Since then, a few bold researchers have tried to tackle this difficult
problem in a more satisfactory way by proposing various definitions
and tests of machine intelligence.  By and large, these proposals have
been ignored by the community.  Indeed to the best of our knowledge,
no general survey of tests and definitions of intelligence for
machines has ever been published.

We feel that to ignore a question as fundamental as the definition of
machine intelligence is a serious mistake.  In any science, issues
surrounding fundamental definitions and methods of measurement play a
central role and form the foundation on which theoretical advances are
constructed and practical advances are measured.  If we are to truly
advance as a field over the next 50 years, we will need to return to
this most central of problems in order to secure what artificial
intelligence is and what it aims for.  As a first step in this
direction, it is necessary that researchers are at least aware of the
many alternatives to Turing's tests that have been proposed.  In this
paper we hope to partly meet this need by providing the first general
survey of tests and definitions of machine intelligence.

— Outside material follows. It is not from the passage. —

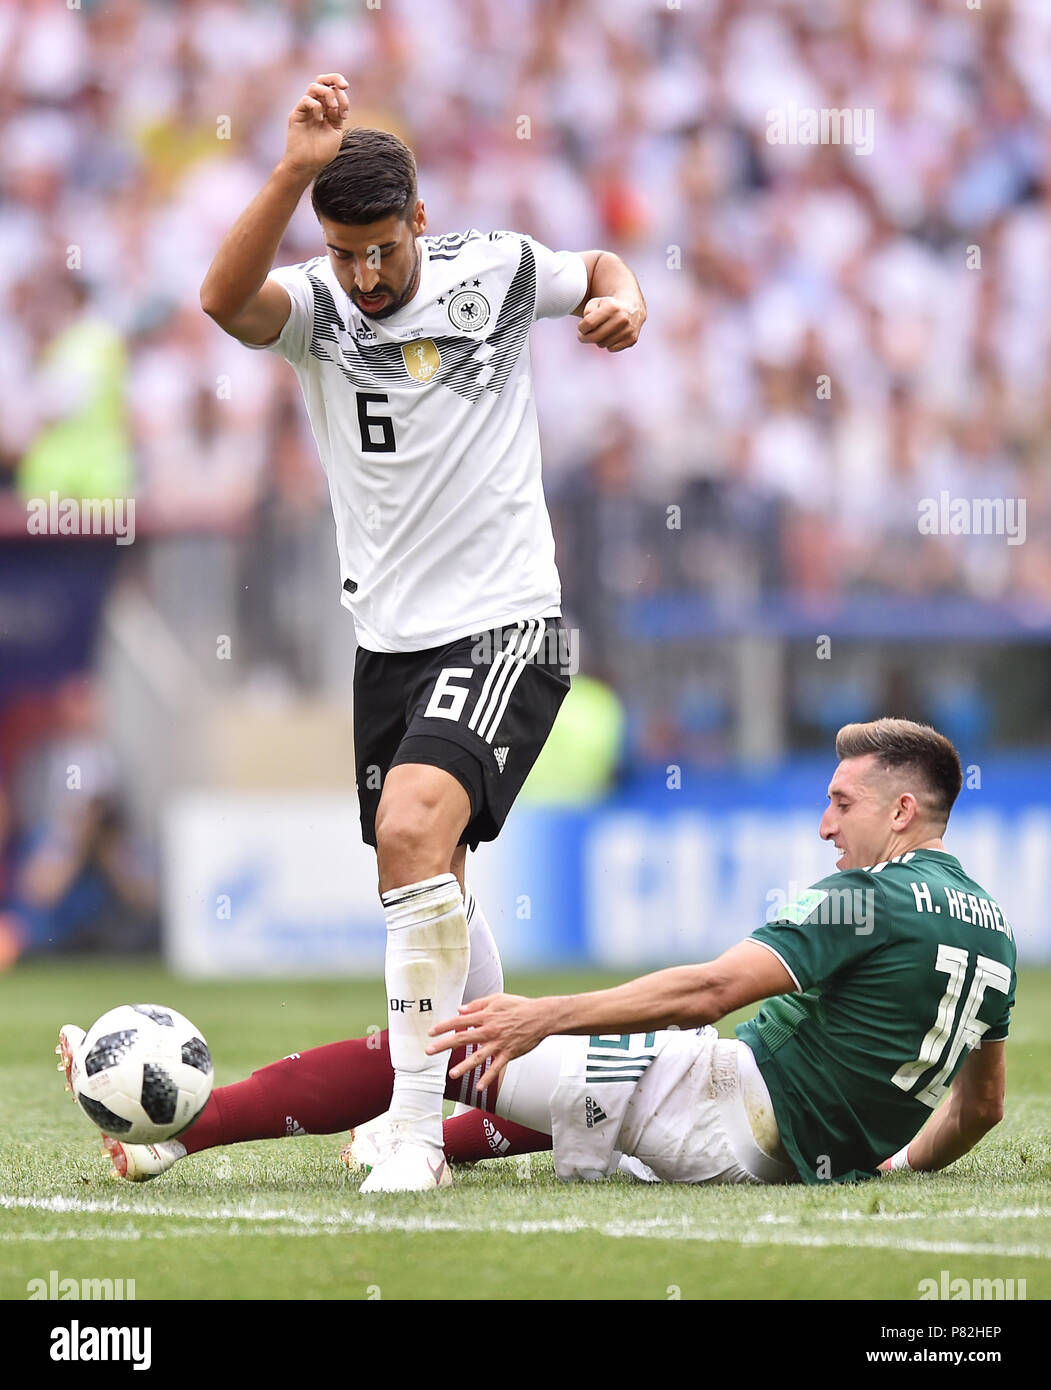 MOSCOW, RUSSIA - JUNE 17: Sami Khedira of Germany competes with Hector Herrera of Mexico during the 2018 FIFA World Cup Russia group F match between Germany and Mexico at Luzhniki Stadium on June 17, 2018 in Moscow, Russia. (Photo by Lukasz Laskowski/PressFocus/MB Media) Stock Photo

%%%%%%%%%%%%%%%%%%%%%%%%%%%%%%%%%%%%%%%%%%%%%%%%%%%%%%%%%%%%%%%%%%%%%%
\section{Turing test and derivatives}
%%%%%%%%%%%%%%%%%%%%%%%%%%%%%%%%%%%%%%%%%%%%%%%%%%%%%%%%%%%%%%%

The classic approach to determining whether a machine is intelligent
is the so called Turing test \cite{Turing:50} which has been
extensively debated over the last 50 years \cite{Saygin:00}.  Turing
realised how difficult it would be to directly definite intelligence
and thus attempted to side step the issue by setting up his now famous
imitation game: If human judges cannot effectively discriminate
between a computer and a human through teletyped conversation, then we
must conclude that the computer is intelligent.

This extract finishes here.